Zwangsarbeit 2.0: „Unberührbare” indische Mädchen schuften auch für Charles Veillon
23. Mai 2011
„Sumangali“ beschreibt in Tamil eine verheiratete Frau, die ein glückliches Leben in materiellem Wohlstand führt. Das Sumangali-Programm, unter dem heute schätzungsweise 120’000 Arbeiterinnen beschäftigt sind, wurde vor zehn Jahren von Textilfabriken in den Bezirken Coimbatore und Tirupur eingeführt. Es verspricht den Mädchen einen guten Lohn, angenehme Unterkunft sowie eine einmalige, grosse Geldsumme nach dreijähriger Anstellung. Diese soll es auch Mädchen aus armen Familien erlauben, ihre Mitgift zu bezahlen und zu heiraten. Die Realität in den Fabriken sieht freilich anders aus: ein Entgelt weit unter dem gesetzliche Mindestlohn, exzessive Überstunden, unbezahlte Überstunden- zuschläge, eingeschränkte Bewegungsfreiheit, mangelnde Sicherheit am Arbeitspatz. Diese Beding- ungen verstossen klar gegen das Übereinkommen 182 der Internationalen Arbeitsorganisation (ILO) zur Beseitigung der schlimmsten Formen von Kinderarbeit.
Die versprochene Einmalzahlung ist zudem kein Bonus, sondern Teil des Lohns der zurückbehalten wird. In mehreren dokumentierten Fällen haben die Mädchen diese angesparte Lohnsumme nicht erhalten. Die meisten jungen Arbeiterinnen wohnen auf dem Fabrikgelände und werden dort vom internen Sicherheitsdienst überwacht, so dass sie kaum eine Chance haben, Gewerkschaften oder Menschenrechtsgruppen zu kontaktieren.
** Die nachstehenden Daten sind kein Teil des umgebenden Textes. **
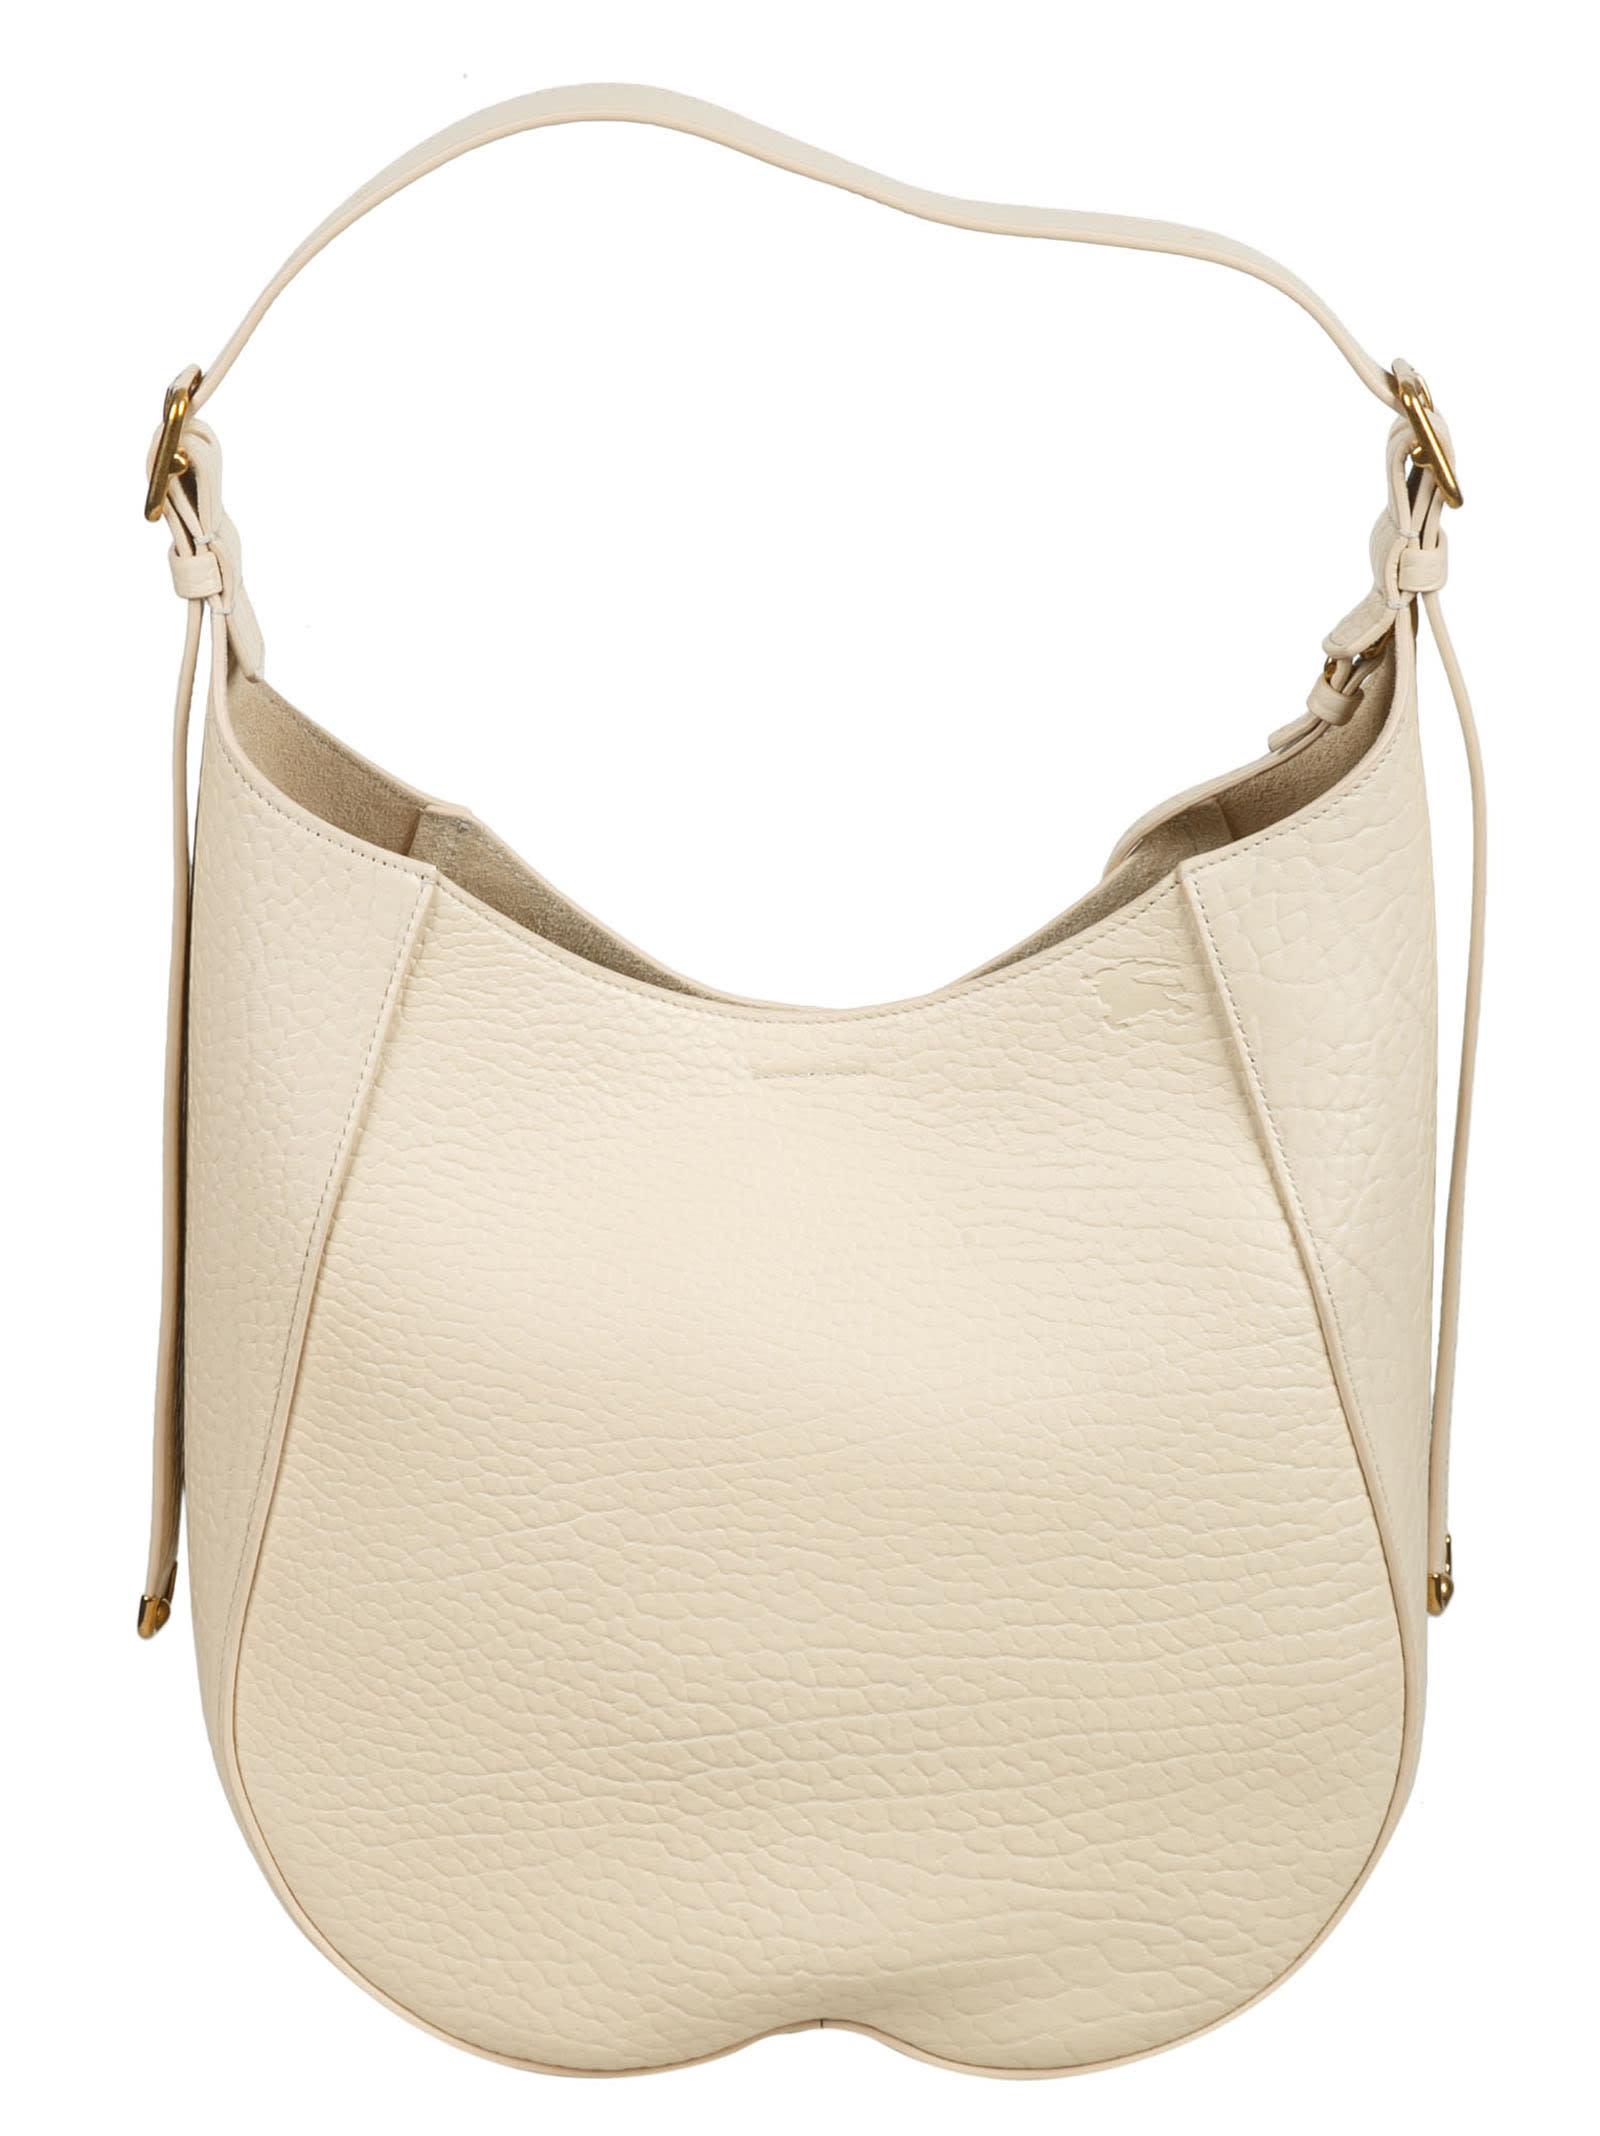 Burberry Women's Extra Large Chess Leather Shoulder Bag - Pearl

Auch die Eltern dürfen ihre Töchter nur einmal monatlich für eine Stunde besuchen. Der Report vom Centre for Research on Multinational Corporation (SOMO) und dem India Committee of the Netherlands (ICN) durchleuchten vier grosse indische Textilfirmen, die für Weltmarken wie C&A, Diesel, Tommy Hilfiger und Zara produzieren. Auf der Kundenliste stehen aber auch die beiden Schweizer Abnehmer Charles Veillon und Migros. Einige Unternehmen, darunter C&A, Tesco und Migros, haben aufgrund der Vorwürfe erste Massnahmen eingeleitet. Andere Firmen, darunter Charles Veillon, haben gar nicht reagiert.
Die Erklärung von Bern und die Schweizer Clean Clothes Campaign (CCC) fordern deshalb von allen Kleiderfirmen mit Produktion in Indien eine unverzügliche Untersuchung der Anstellungsbedingungen in ihren Zulieferketten und konkrete, rasche Massnahmen, um das Sumangali-Programm zu beenden
Die Clean Clothes Campaign (CCC) setzt sich für Verbesserungen der Arbeitsbedingungen in der globalen Bekleidungsindustrie ein. Sie unterhält nationale Kampagnen in 15 europäischen Ländern und ein Netzwerk von 250 Organisationen weltweit. In der Schweiz wird die CCC-Arbeit von der Erklärung von Bern koordiniert und von 19 nationalen NGO mitgetragen.